» **EXERCISE BRIEF**
The required output is the exact run of lines in the listing below from the line holding "Promo CGV CINEMA" through the line holding "2022 <드림아이 꿈 이야기> 그림공모전 작품 전시회 해당 썸네일입니다", with no pictures.

» **INPUT DATA**
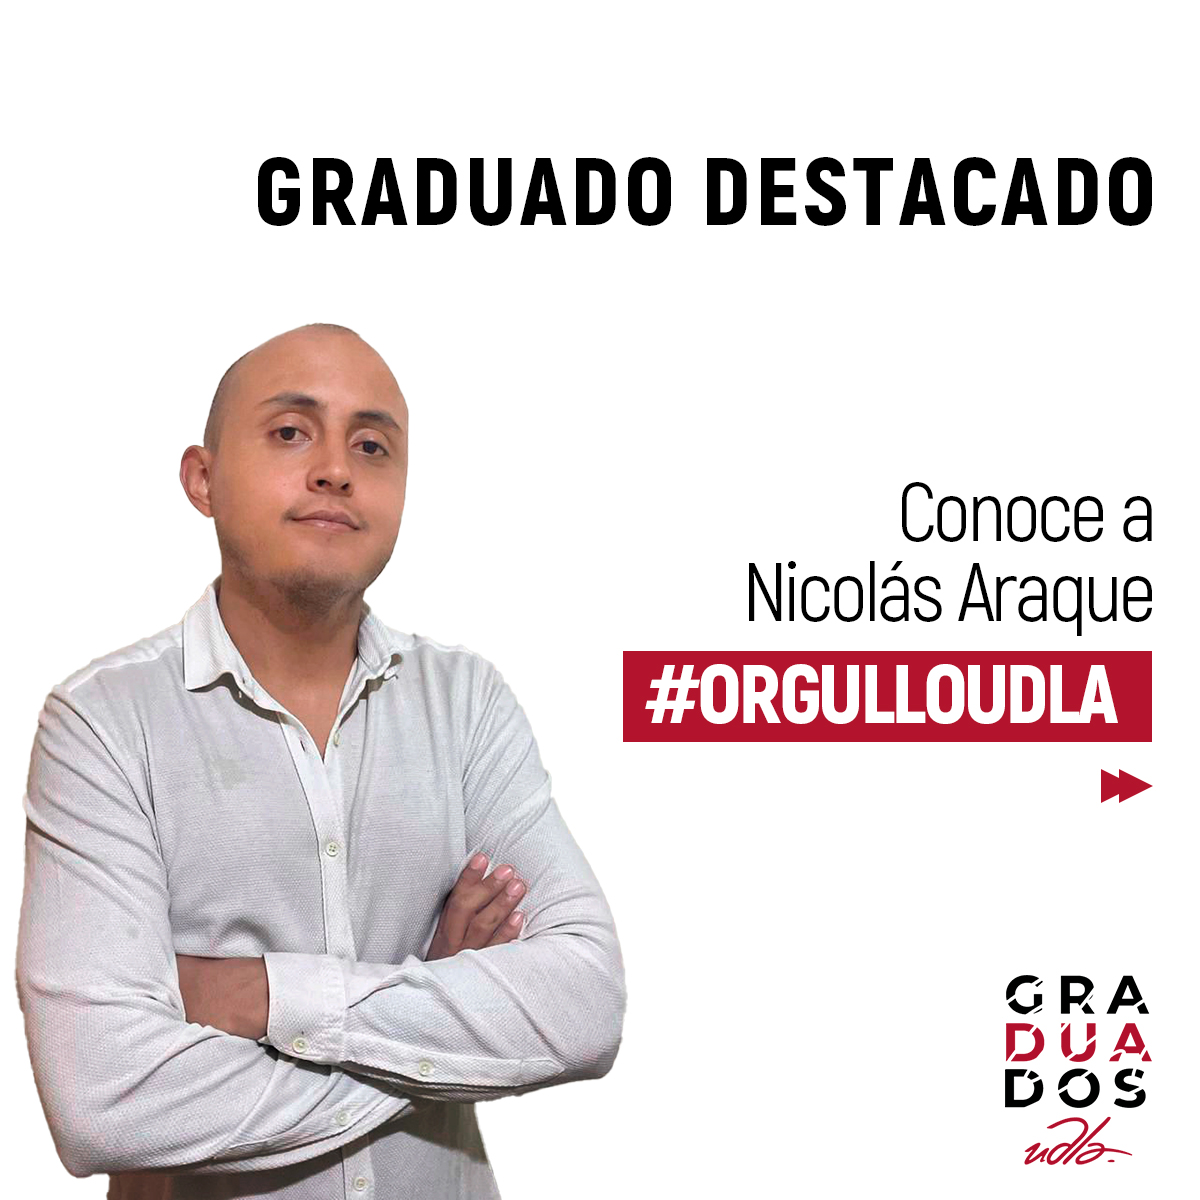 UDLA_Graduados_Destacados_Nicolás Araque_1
---
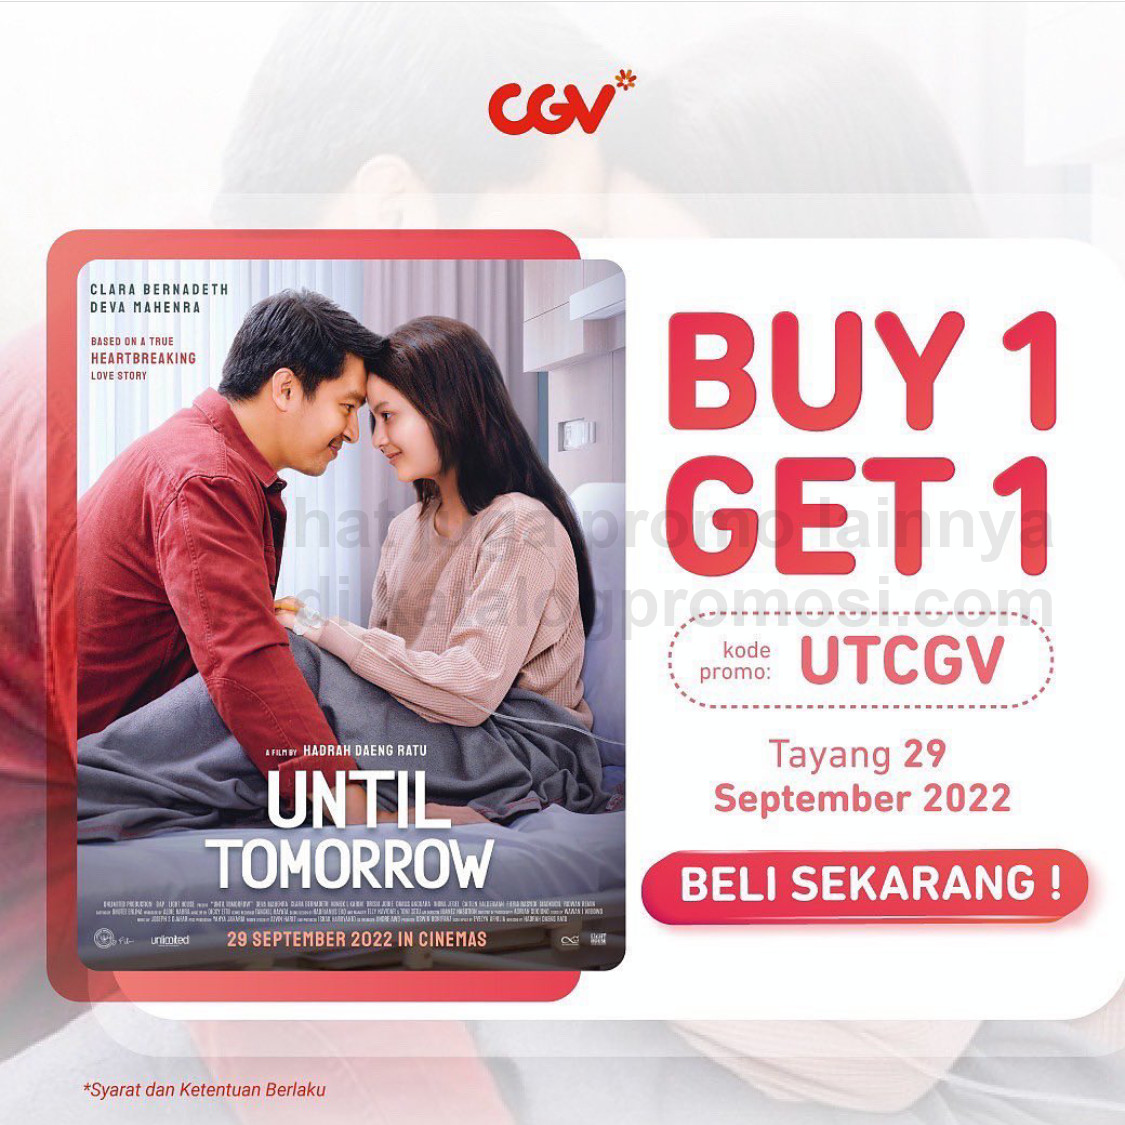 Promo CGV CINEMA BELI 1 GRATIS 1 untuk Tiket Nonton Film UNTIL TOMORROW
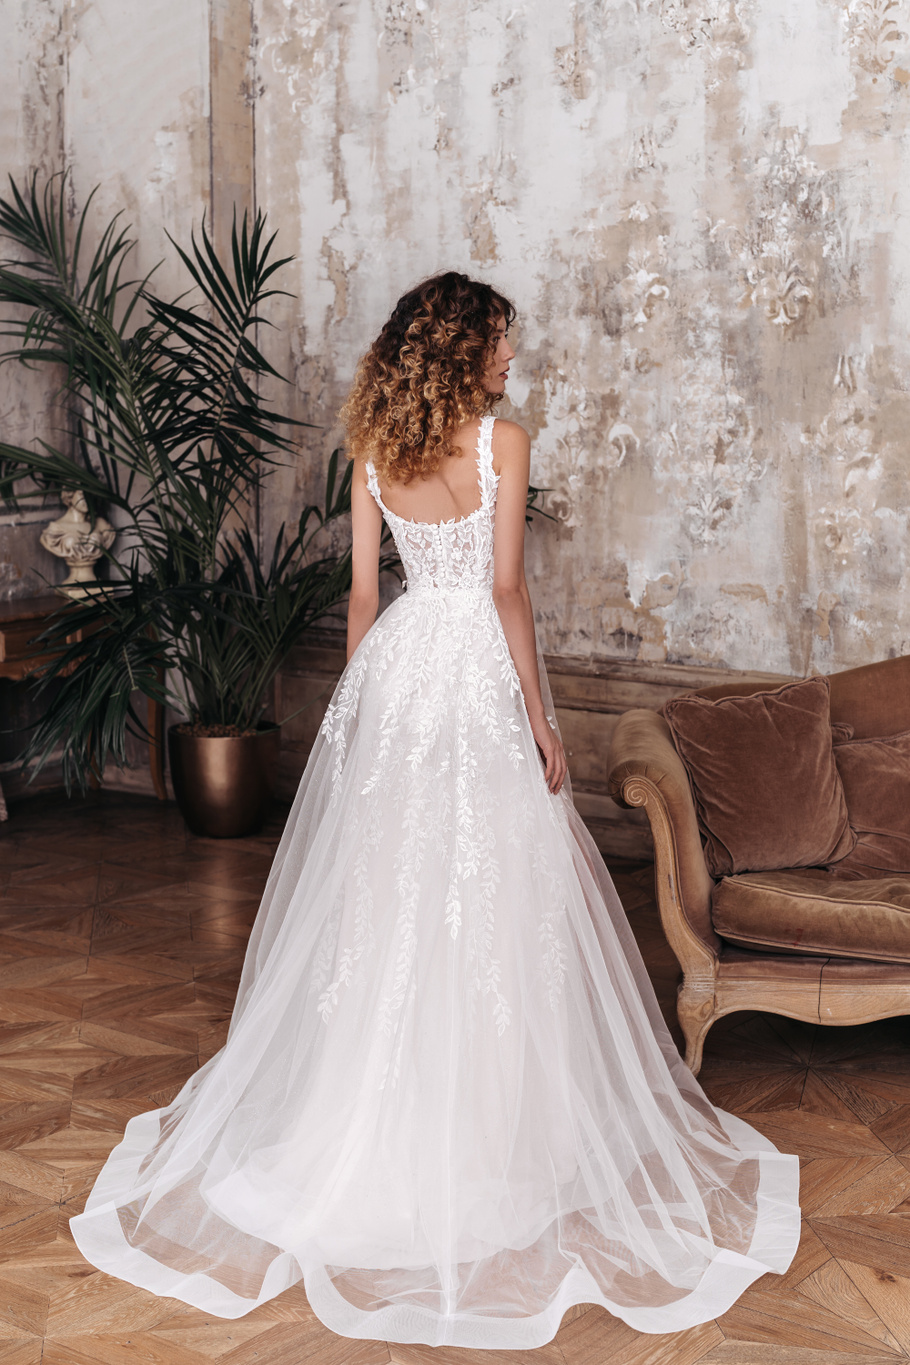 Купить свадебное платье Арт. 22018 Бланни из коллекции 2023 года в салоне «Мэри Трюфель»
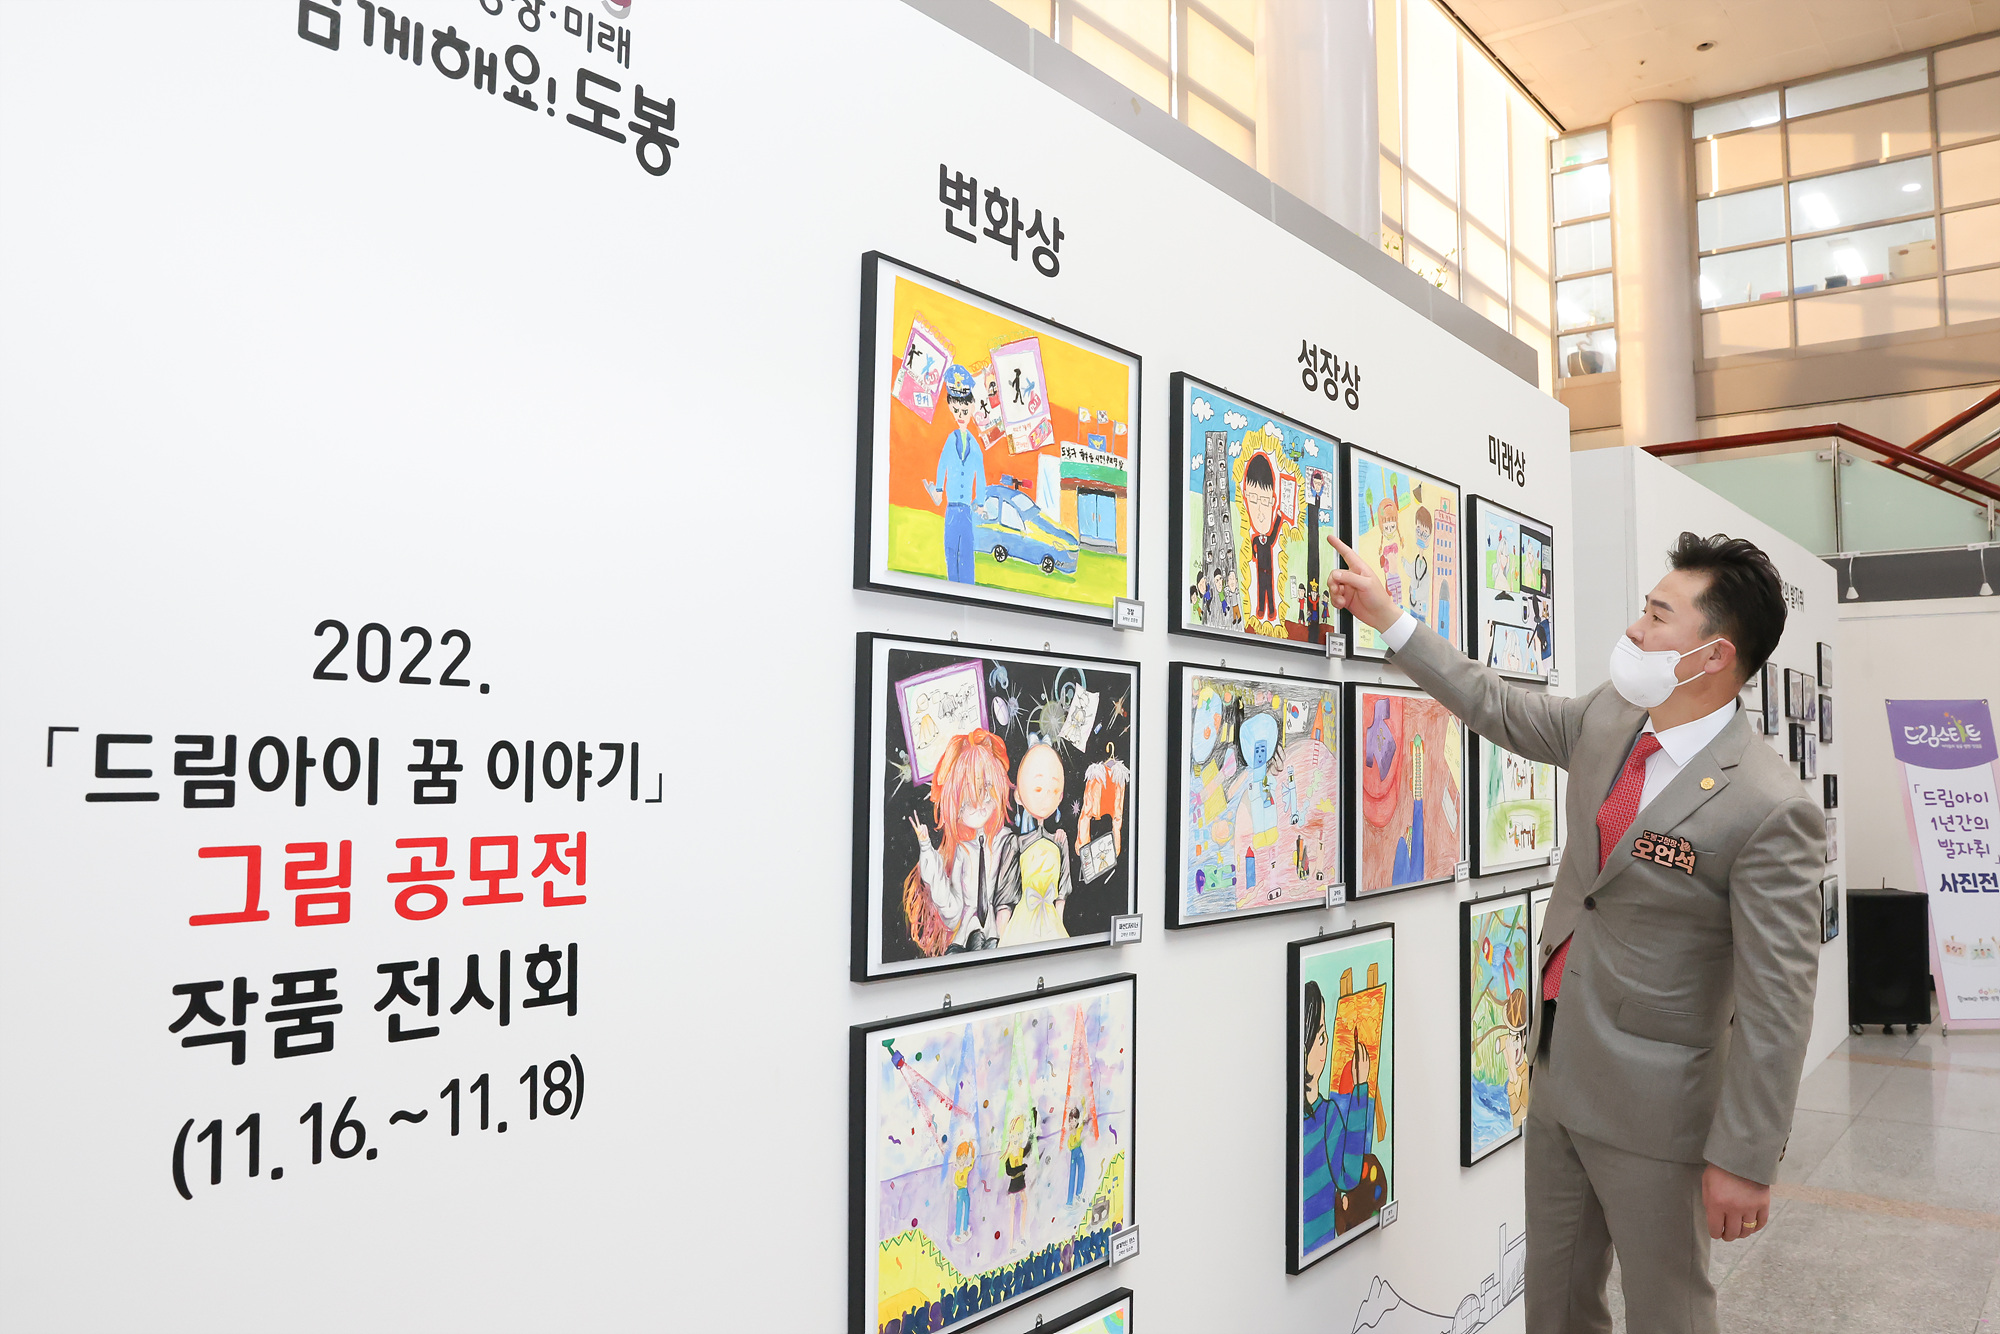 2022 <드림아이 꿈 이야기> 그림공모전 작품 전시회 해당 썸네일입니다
--
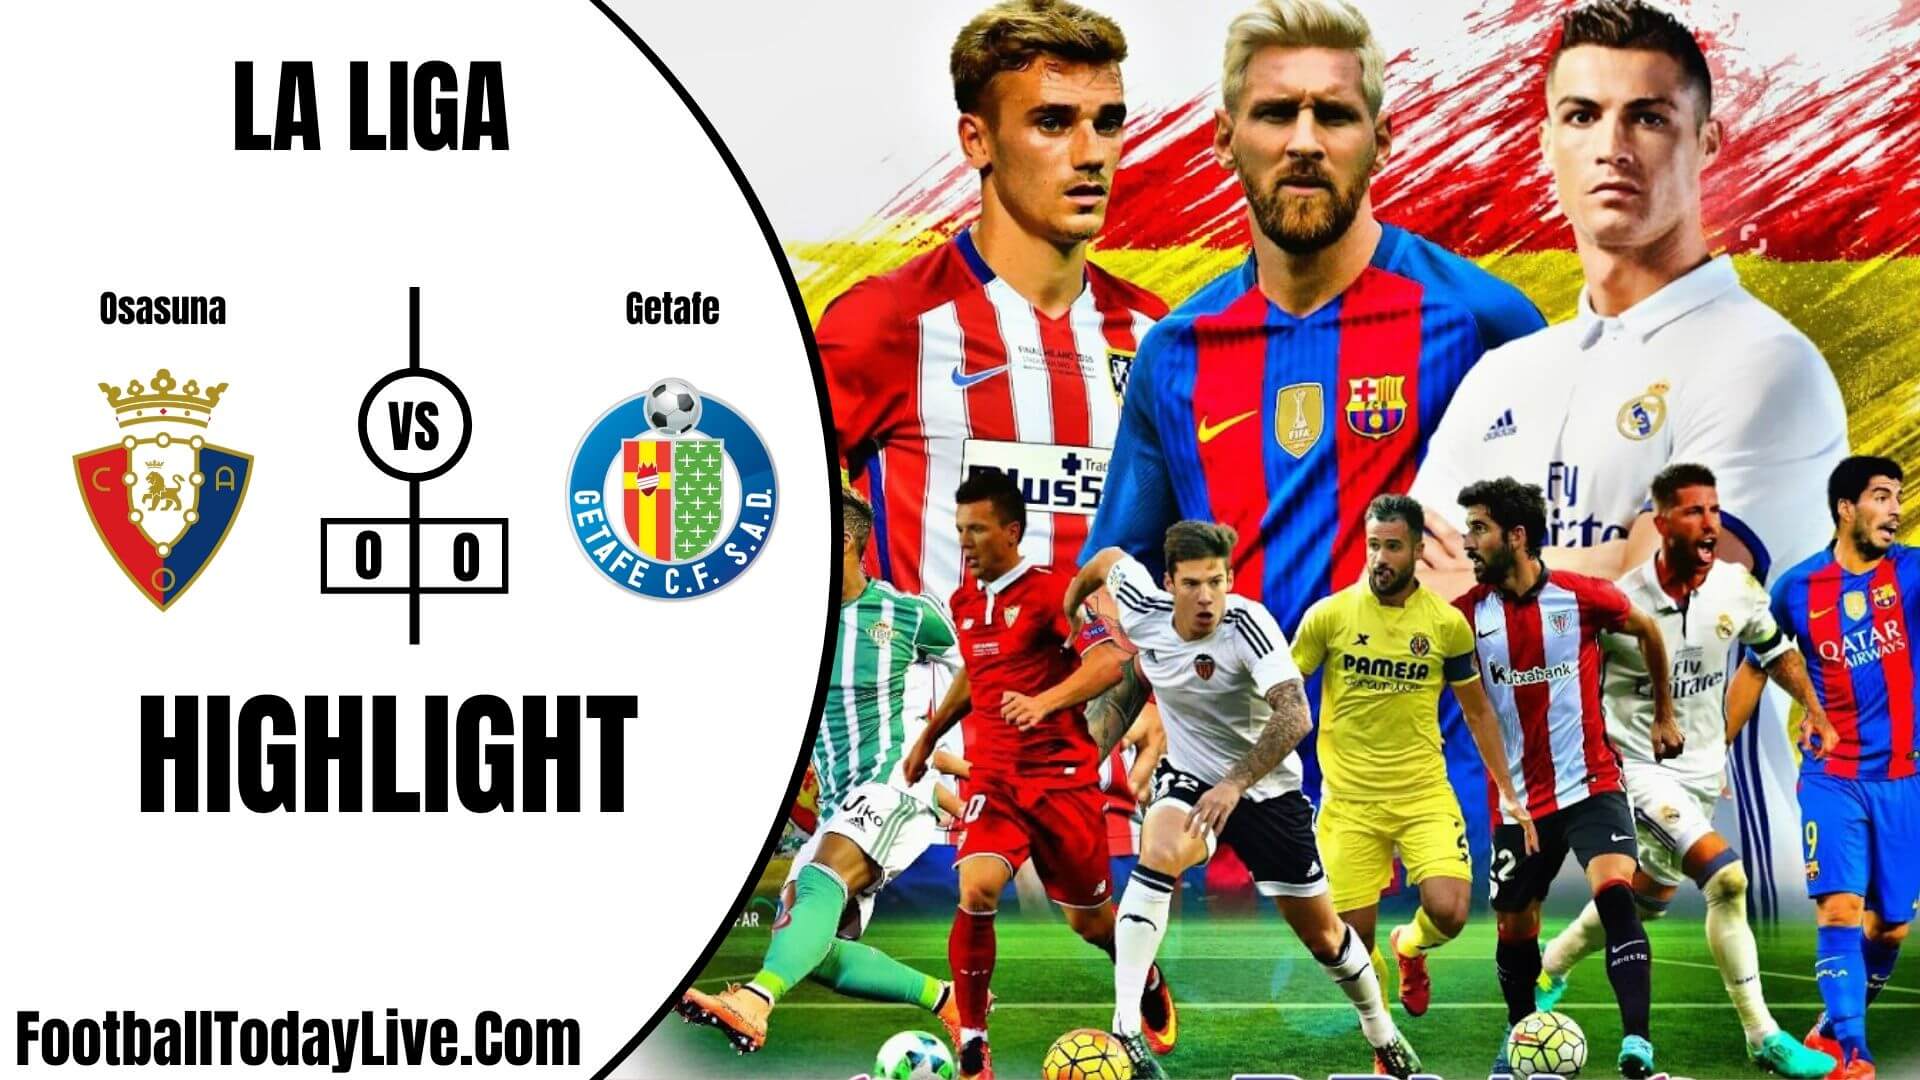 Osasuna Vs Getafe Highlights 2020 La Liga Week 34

» **EXERCISE RESPONSE**
 Promo CGV CINEMA BELI 1 GRATIS 1 untuk Tiket Nonton Film UNTIL TOMORROW
 Купить свадебное платье Арт. 22018 Бланни из коллекции 2023 года в салоне «Мэри Трюфель»
 2022 <드림아이 꿈 이야기> 그림공모전 작품 전시회 해당 썸네일입니다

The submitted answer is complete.